Rosiglitazone, a peroxisome proliferator-activated receptor agonist, improves peritoneal alterations resulting from an encapsulated peritoneal sclerosis model.

Inflammation, fibrosis, and angiogenesis underlie the pathophysiology of encapsulating peritoneal sclerosis (EPS). The irreversible sclerosis of visceral and parietal peritoneum that characterizes EPS can be seen in peritoneal dialysis (PD) patients after long periods on dialysis. Peroxisome proliferator-activated receptors (PPARs) are the major regulator of key metabolic pathways of various inflammatory responses in fibrosing processes in most tissues. The aim of the present study was to investigate the effect of the PPAR agonist rosiglitazone on the progression and regression of peritoneal alterations in chlorhexidine gluconate-induced EPS in rats. We divided 53 nonuremic Wistar albino rats into 5 groups: control group--isotonic saline 2 mL, injected intraperitoneally (IP) daily for 3 weeks; chlorhexidine gluconate (CG) group--CG 2 mL per 200 g body weight, injected IP daily for 3 weeks; Rozi-P group--CG injection as described, plus rosiglitazone in drinking water (8 mg/L) for 3 weeks; resting group--CG injection as described during weeks 1 - 3, then peritoneal rest during weeks 4 - 6; Rozi-R group--CG injection as described during weeks 1 - 3, then rosiglitazone in drinking water (8 mg/L) during weeks 4 - 6. At the end of the study, a 1-hour peritoneal equilibration test (PET) was performed with 25 mL 3.86% glucose PD solution.
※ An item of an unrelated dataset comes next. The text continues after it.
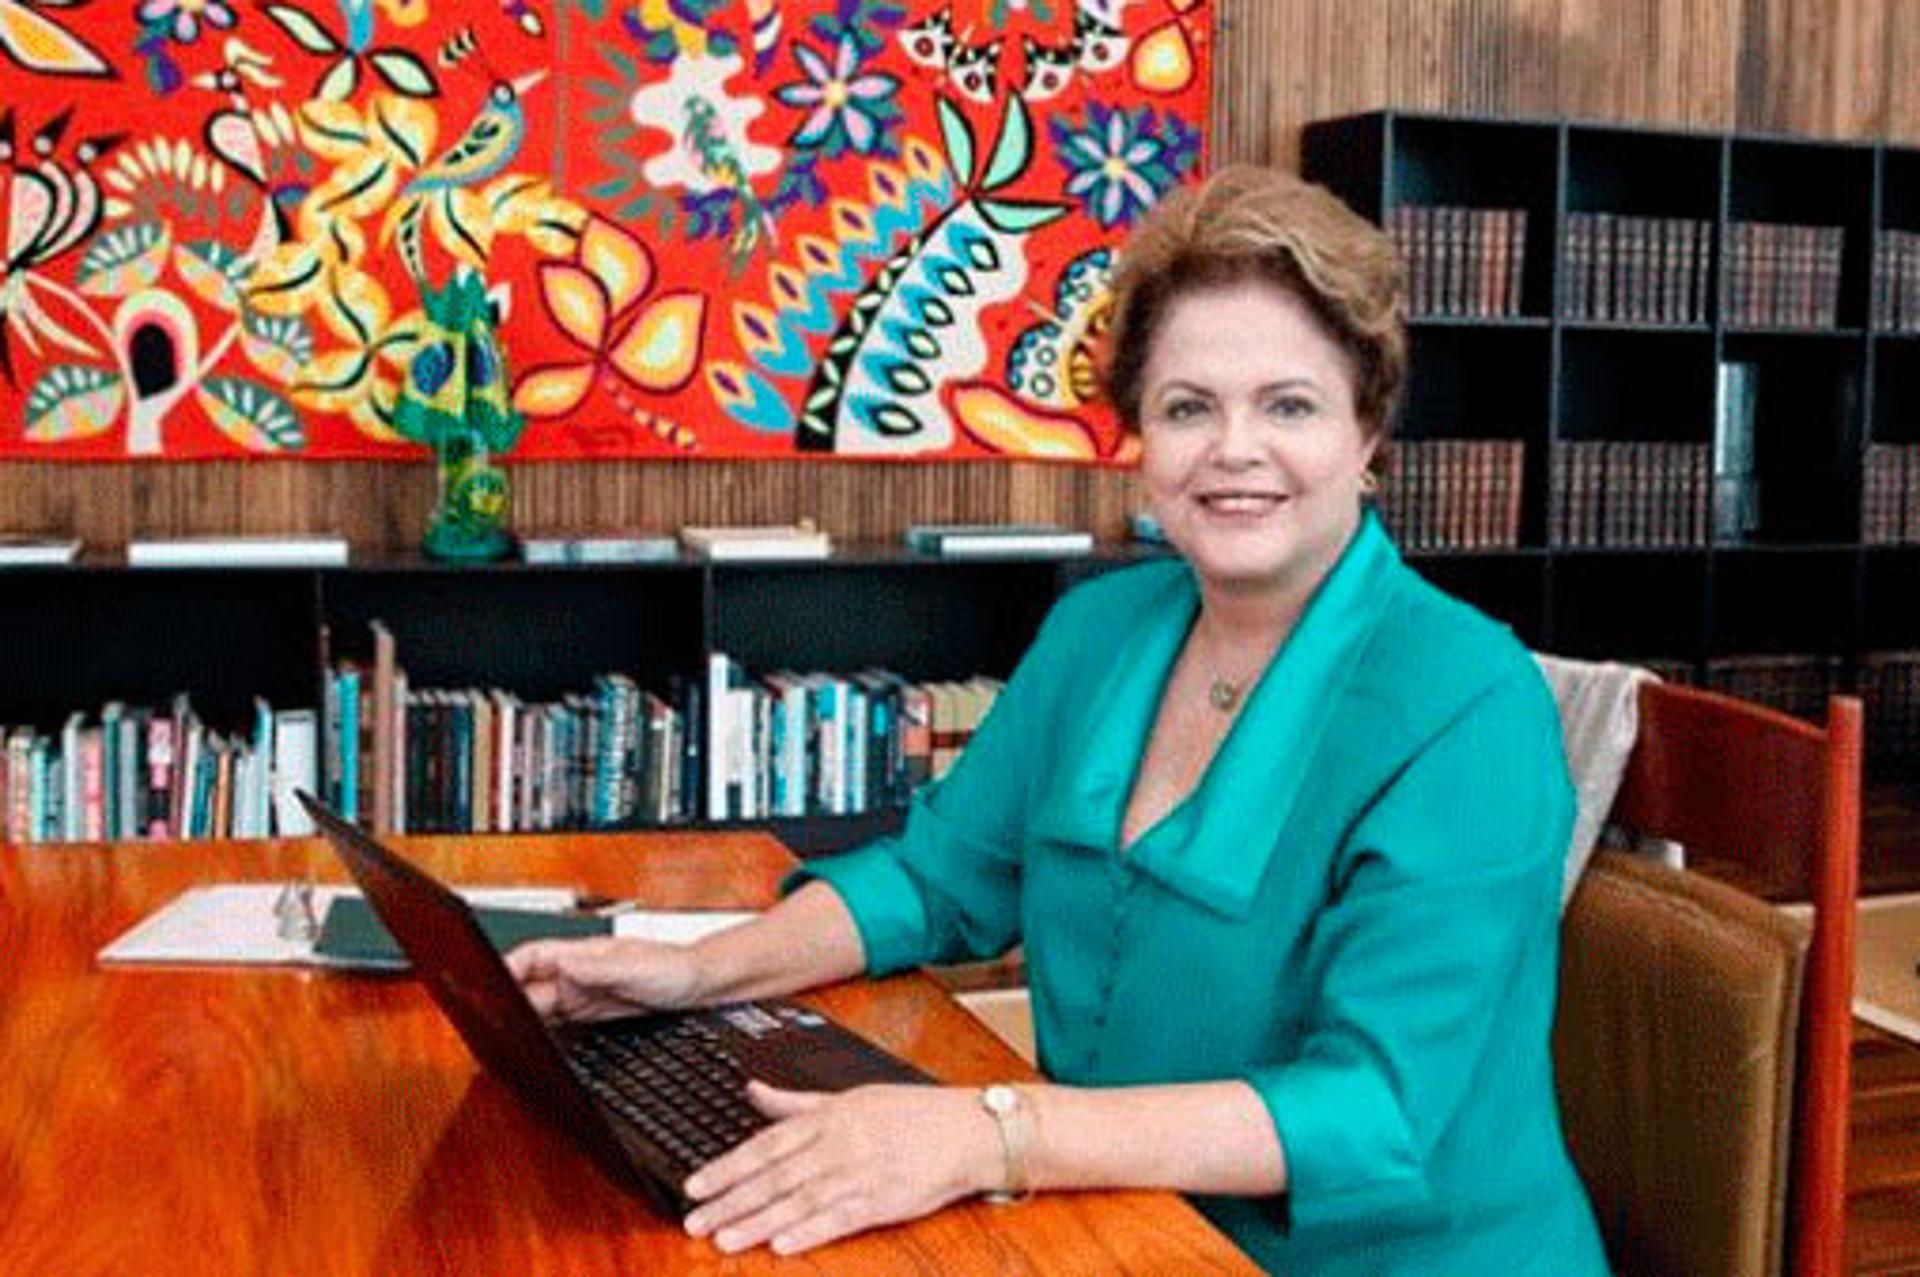 Dilma faz 'Tóis' em papo com internautas (Foto: Divulgação)

Dialysate-to-plasma ratio of urea (D/P urea), dialysate white blood cell (WBC) count, ultrafiltration (UF) volume, and morphology change in parietal peritoneum were examined. Exposure to CG for 3 weeks resulted in alterations in peritoneal transport (increased D/P urea, decreased UF volume, both p < 0.05) and morphology (increased inflammation, neovascularization, fibrosis, and peritoneal thickness, all p < 0.05). Peritoneal rest had some advantages in UF failure and WBC count only (both p < 0.05). However, rosiglitazone was more effective than peritoneal rest for vascularity and peritoneal thickness (p < 0.05). We suggest that the PPAR agonist rosiglitazone may have a therapeutic value in the management of EPS by inhibiting inflammation and neovascularization.